Laboratory findings were within normal limits and chest radiography
revealed mild cardiomegaly. Given the clinical suspicion of
CAD, he underwent cardiac catheterization, which revealed no
significant CAD, but there was a stream of dye into the left
ventricle (LV) via a tiny plexus of intramural vessels, from
the dilated and tortuous left anterior descending artery (LAD)

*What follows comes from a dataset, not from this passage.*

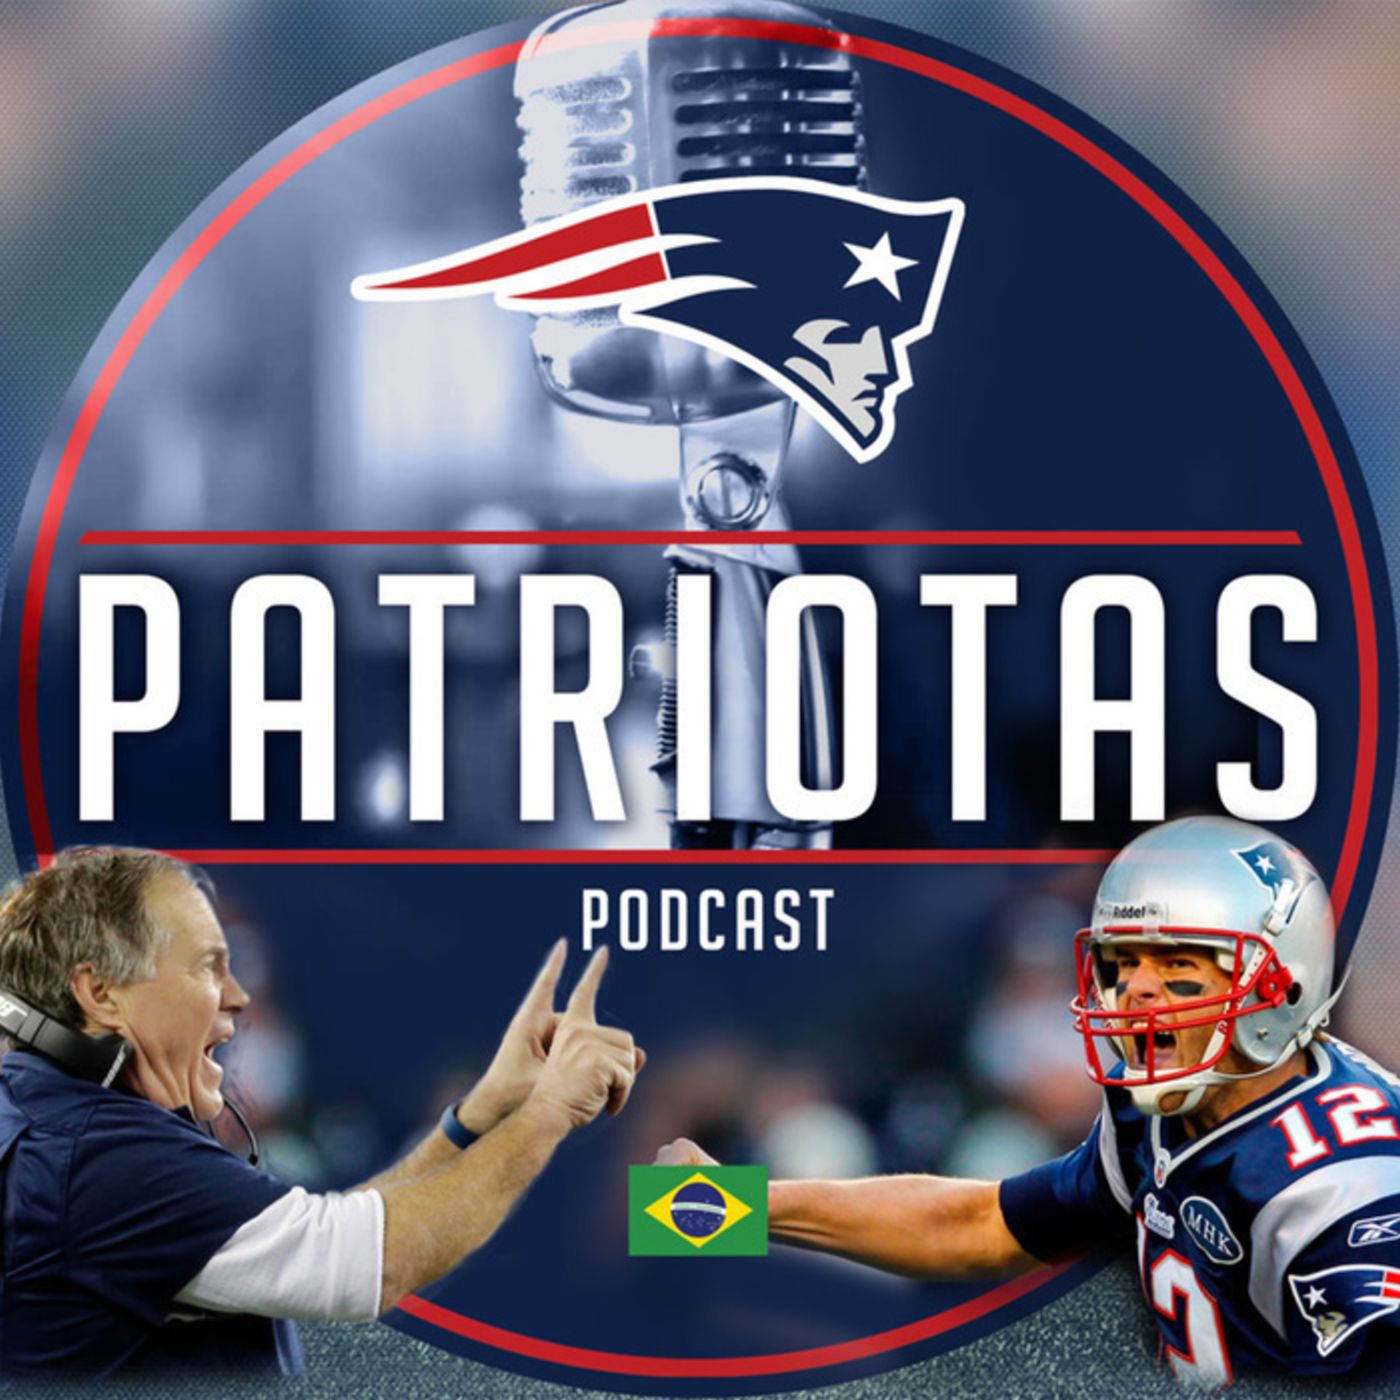 Podcast Patriotas 133 - Perguntas da galera

during systole and diastole (
Fig. 1). Two-dimensional transthoracic
echocardiography and left ventriculography showed typical apical
hypertrophic cardiomyopathy (ACM) (
Fig. 2). The ratio of apical
to basal anterior and posterior wall thickness was found to
be greater than 1.5 on M-mode scanning. There was no intraventricular
gradient at rest and with Valsalva maneuver. Color-coded Doppler
echocardiography in the apical region of the LV showed color
flow signals between the epicardium and the LV chamber, demonstrating
penetrating intramyocardial coronary arteries arising from the
LAD (
Fig. 3A). The spectral pulsed Doppler echocardiography
at the apex revealed the exclusively diastolic flow velocity
spectrum (
Fig. 3B). The patient's symptoms improved with beta
blocker therapy and he was discharged with medical therapy.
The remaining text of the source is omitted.